Another great way to offer value is by introducing startups directly to customers. You can offer them a spot at your event booth, invite a representative to join you on roadshows, or other opportunities to give them the floor. This will open doors to the startup and simultaneously position the corporate as innovative and build an excellent reputation with clients and business partners. Ofir Bar Levav mentioned that Johnson Controls allocates a hefty budget for business integration. He stated that the corporate “offers startups a direct channel to business partners and clients as well as the opportunity to implement their solutions within company products. This creates real opportunities for both parties.” 

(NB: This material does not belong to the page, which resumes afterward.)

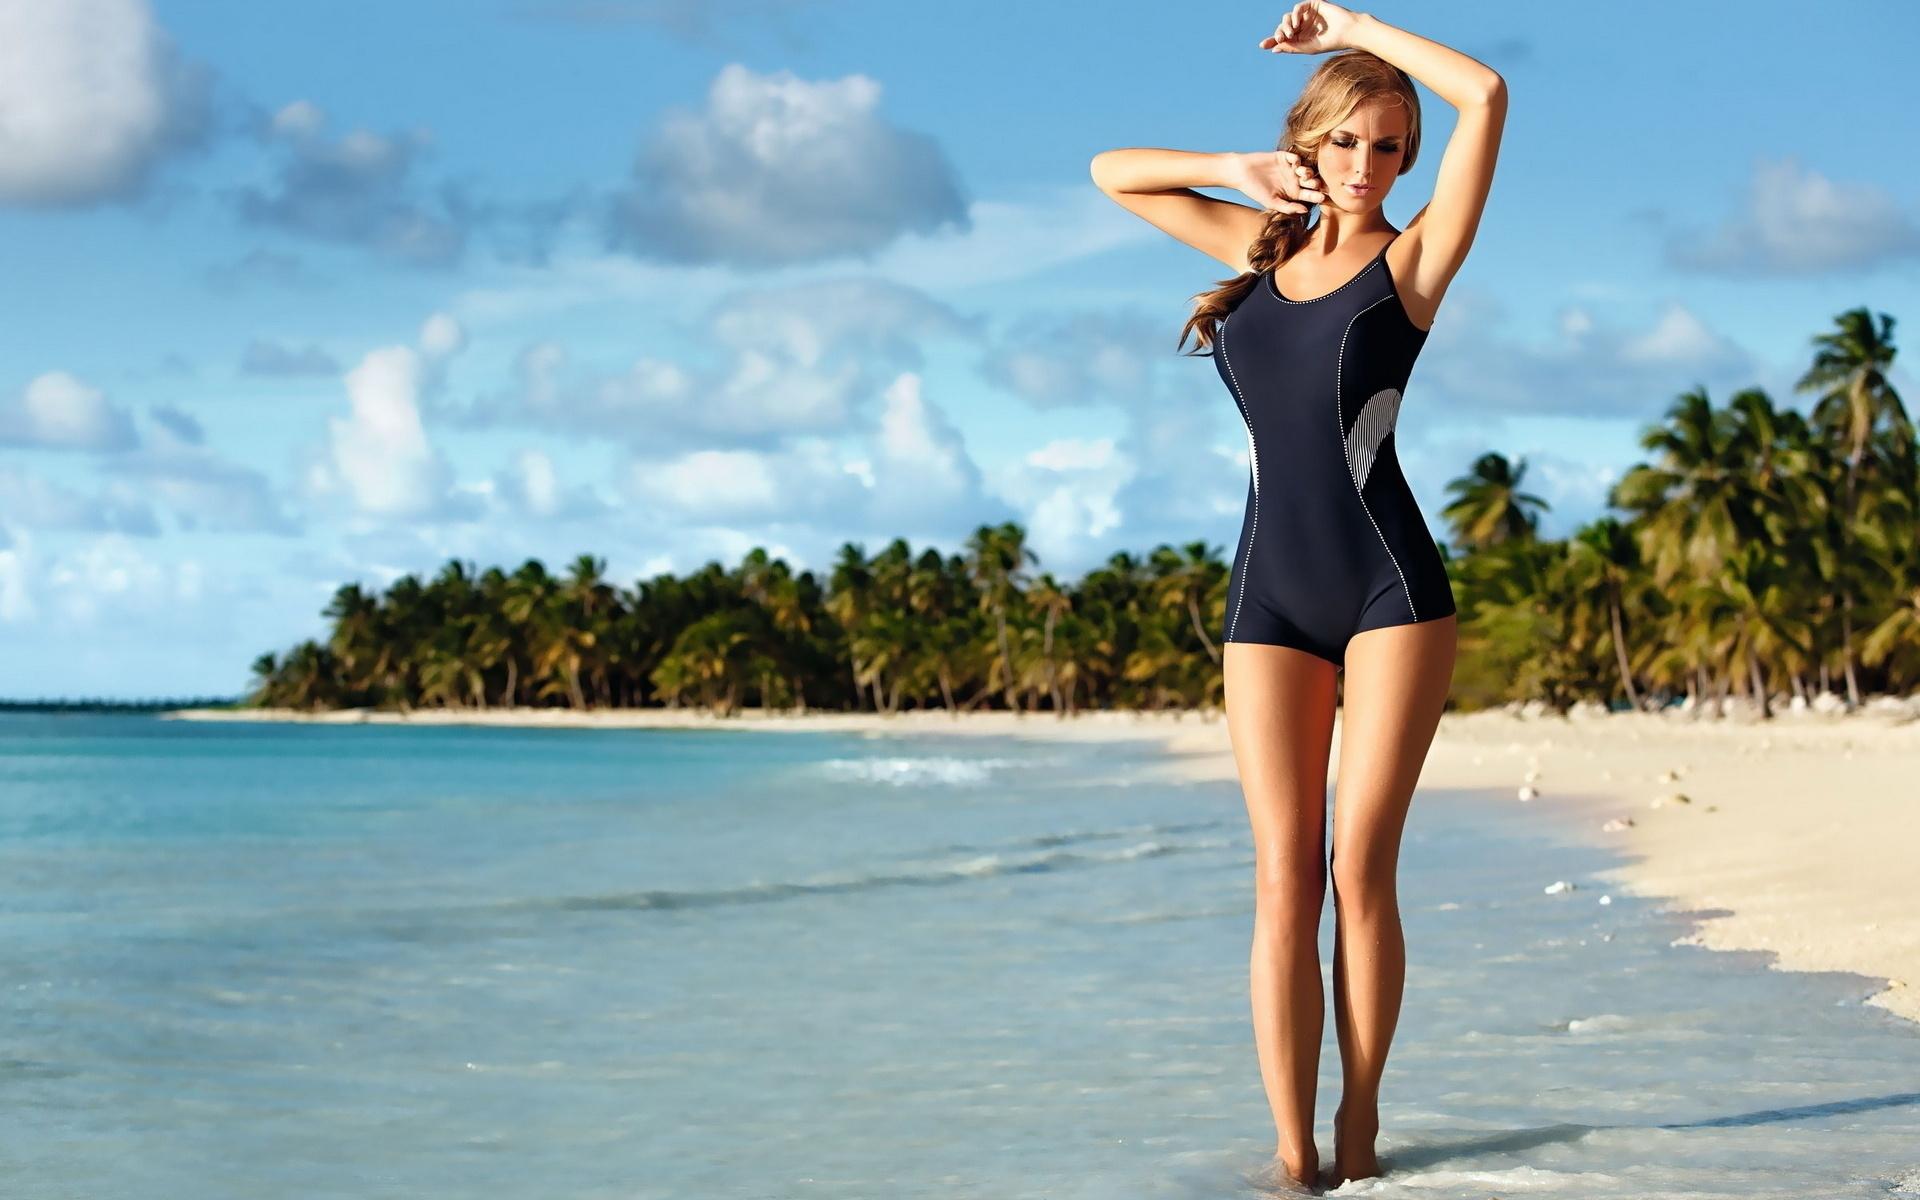 Подруге картинка, картинки с пляжа девушки

By acting as a true partner, you’ll be able to help startups overcome critical obstacles. Ofir mentioned a less-successful drone demo that seemed unsalvageable and explained how Johnson Controls helped the startup continue the conversation with the prospective partner and turn things around. By committing to the startup’s success, even with the risk of failure in front of a client, the corporate was able to both help the startup, help the customer, create a true long-term partnership with the startup and develop its reputation in the startup ecosystem.

Final thoughts

Innovation leaders specialize in closing the gap between corporates and startups. They do so by setting the right goals, collaborating with the right people, and building strong relationships with business partners. Here at Quantum Hub, we consider this to be a key ingredient in our mission statement. On this two-way street where both corporates and startups are trying to find their way, we want to offer support, guidance, and opportunities.